DeepMind’s stunning victories over Go legend Lee Se-dol have stoked excitement over artificial intelligence’s potential more than any event in recent memory. But the Google subsidiary’s AlphaGo program is far from its only project — it’s not even the main one. As co-founder Demis Hassabis said earlier in the week, DeepMind wants to “solve intelligence,” and he has more than a few ideas about how to get there.
Hassabis himself has had an unusual path to this point, but one that makes perfect sense in retrospect. A child chess prodigy who won the Pentamind championship at the Mind Sports Olympiad five times, he rose to fame at a young age with UK computer games developers Bullfrog and Lionhead, working on AI-heavy games like Theme Park and Black & White, and later forming his own studio, Elixir. Hassabis then left the games industry in the mid-2000s to complete a PhD in neuroscience before co-founding DeepMind in 2010.
Sitting down with The Verge early in the morning after AlphaGo’s first triumph over Lee Se-dol, Hassabis could have been forgiven if media engagements were the last thing on his mind. But he was warm and convivial as he entered the room, commenting on the Four Seasons Seoul’s gleaming decor and looking visibly amazed when a Google representative told him that over 3,300 articles had been written about him in Korean overnight. “It’s just unbelievable, right?” he said. “It’s quite fun to see something that’s a bit esoteric being that popular.”

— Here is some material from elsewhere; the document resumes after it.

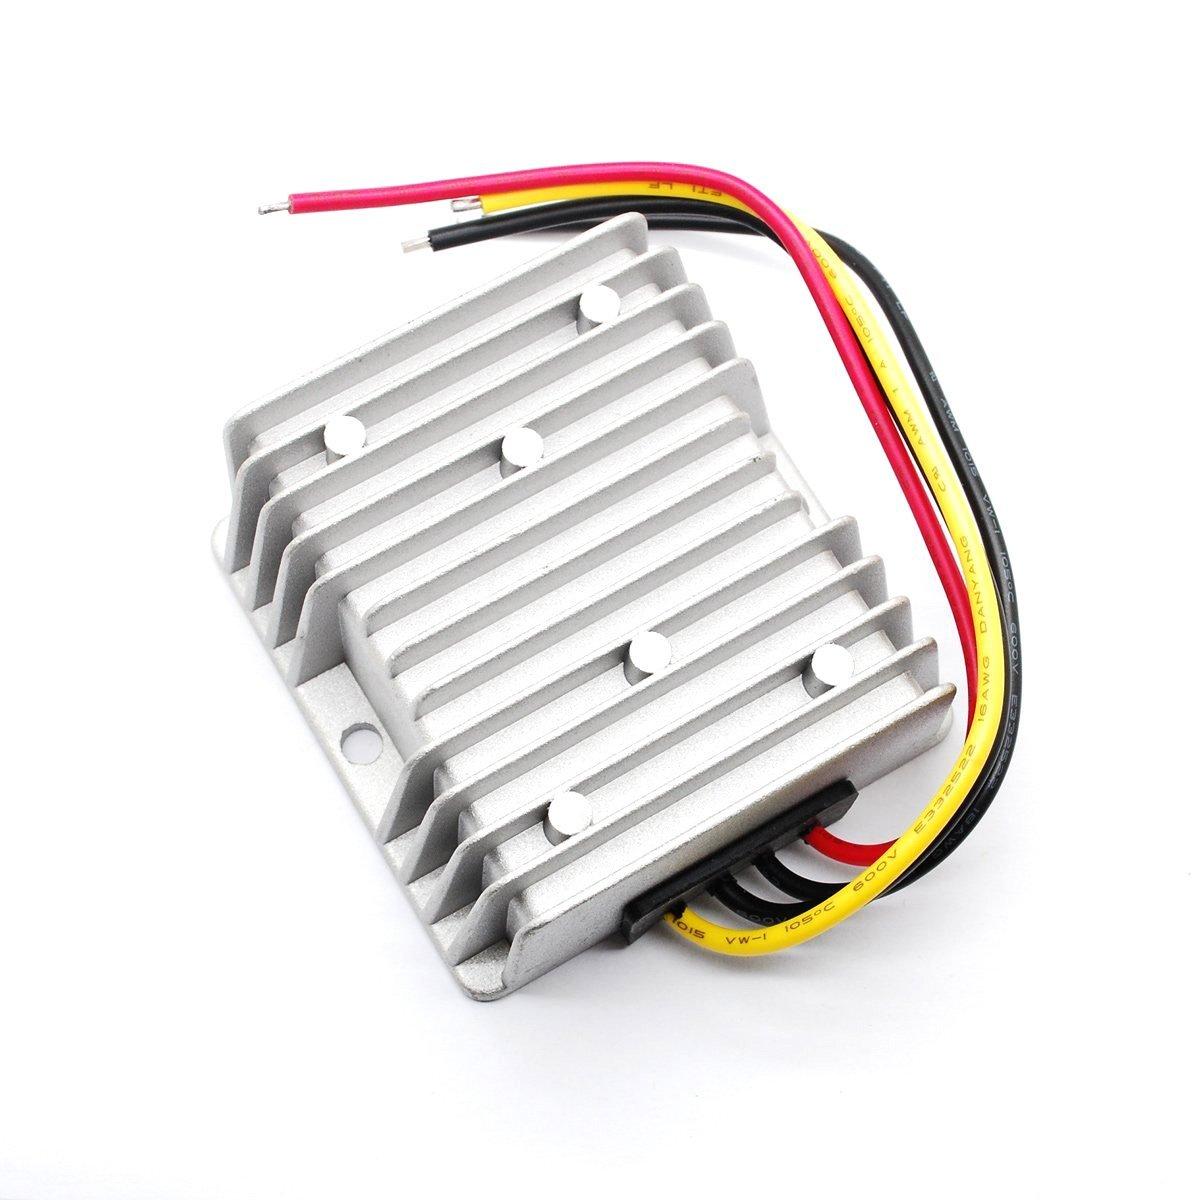 16v-35v NW Waterproof DC DC Step Up Converter 24V to 12V 10A Car Power Supply Voltage Converter Regulator Electronic Transformer

Beyond AlphaGo, our conversation touched on video games, next-gen smartphone assistants, DeepMind’s role within Google, robotics, how AI could help scientific research, and more. Dive in – it’s deep.
This interview has been lightly edited for clarity.
"Go has always been a holy grail for AI research."
Sam Byford: So for someone who doesn’t know a lot about AI or Go, how would you characterize the cultural resonance of what happened yesterday?
Demis Hassabis: There are several things I’d say about that. Go has always been the pinnacle of perfect information games. It’s way more complicated than chess in terms of possibility, so it’s always been a bit of a holy grail or grand challenge for AI research, especially since Deep Blue. And you know, we hadn’t got that far with it, even though there’d been a lot of efforts. Monte Carlo tree search was a big innovation ten years ago, but I think what we’ve done with AlphaGo is introduce with the neural networks this aspect of intuition, if you want to call it that, and that’s really the thing that separates out top Go players: their intuition. I was quite surprised that even on the live commentary Michael Redmond was having difficulty counting out the game, and he’s a 9-dan pro! And that just shows you how hard it is to write a valuation function for Go.
Were you surprised by any of the specific moves that you saw AlphaGo play?
Yeah. We were pretty shocked — and I think Lee Se-dol was too, from his facial expression — by the one where AlphaGo waded into the left deep into Lee’s territory. I think that was quite an unexpected move.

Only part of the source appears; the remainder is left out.